Bir diğer sebep de mobbing (bezdirme) konusudur. Özellikle cerrahi branşlardaki neredeyse askeri disipline yaklaşan ast-üst ilişkisi son yıllarda hem dava sayısını hem de intihar vakalarını arttırmıştır. Sağlıkta dönüşüm öncesinde mobbinge maruz kalmada güvenlik ve eğitim sektörlerinin arkasında üçüncü sırada kalıyor sağlık sektörü. Ama 2017 verileriyle birinci sıraya yükselmiş durumda. 2010-2015 yılları arasında mobbing iddiası içeren 221 dava açılmıştır. Güncel verilere ulaşmadığım için eldeki tek veri bu. İş ortamı son derece huzursuz ve saygı yoksunu olmaya başlamış, geleneksel Türk örf adeti dışına çıkılmış ast üste saygı, üst asta sevgi göstermeyi unutmuştur. Usta çırak ilişkisinin çok önemli olan tıp eğitiminde bu halkanın kopması gerek eğitimi, gerekse sağlık hizmetinin kalitesini olumsuz etkilemiştir.

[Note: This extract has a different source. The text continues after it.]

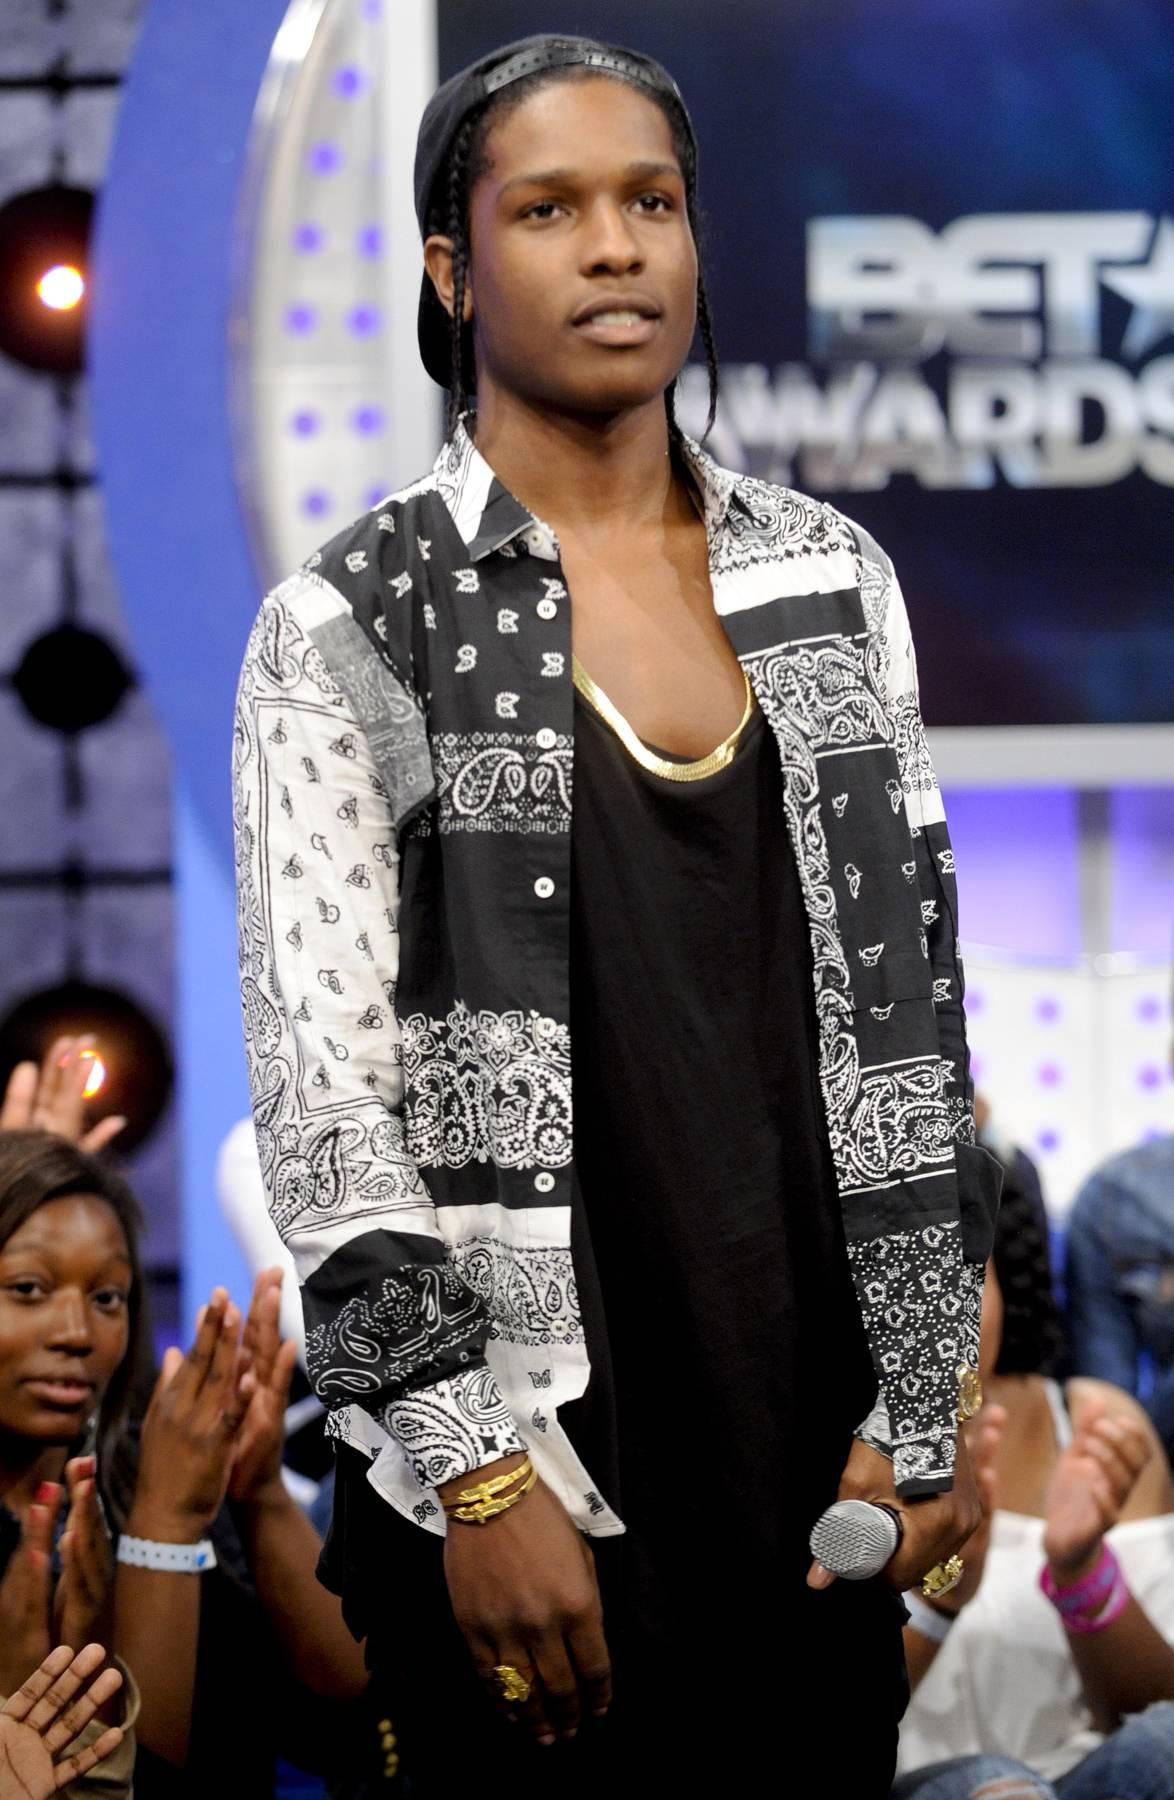 Swaggggg - A$AP Rocky at 106 & Park, May 22, 2012. (Photo: John Ricard / BET)

Çalışma ortamının da doktorun hizmet ürettiği alanlardaki konforu çok ciddi sorun olarak karşımıza çıkmaktadır. Gerek çalışma saatlerinin uzunluğu, gerek dinlenme alanlarının hak edilen konfordan çok uzak olması mesai sırasında yorgunluğu arttırmakta, tolerans ve hizmet kalitesini düşürmektedir. Hiç kimse asık suratla, yorgun bir ifade ile hastasının karşısına çıkmak istemez. Ne yazık ki mevcut şartlarda kronikleşen yorgunluk hasta-doktor çatışmalarının da artmasına neden olmuştur.

Bir de son yıllarda okumuş kesime artan bir tepkinin körüklenmiş olması, vatandaşın CİMER üzerinde pek çoğu dayanaksız şikayetleri sonucu açılan soruşturmalar, beyaz kod ihbarlarının saldırgan hastalar üzerinde ciddi bir yaptırımının olmaması, doktorların en ufak tepkisine misliyle karşılık veren bir hasta grubunun oluşmasına yol açmış, bu kadar emek yoğun ve stresli bir ortamda üretilen sağlık hizmetinin de her geçen gün kalitesini bozmuştur. Bu kısır döngü ne yazık ki elma ile armudu karıştırmayan hekimleri de meslek icraatından soğutmuştur.

Bir diğer konuda maaşların düşüklüğüdür. Türkiye’de pratisyen hekim maaşları veya asistan hekim maaşları 35-45.000 TL arasında değişmektedir. Bu gelir ile kendine ait bir ev sahibi olmak, bir araba almak hayal bile edilemez. Kiraların 15-20 bin TL civarında olduğu, kreşlerin aylık 10-15 bin TL orta öğretimin aylık 20.000 TL olduğu günümüzde en üst eğitimi almış hekimlerin aileleri sıradan insani gereksinimlere ulaşmaz durumdadır.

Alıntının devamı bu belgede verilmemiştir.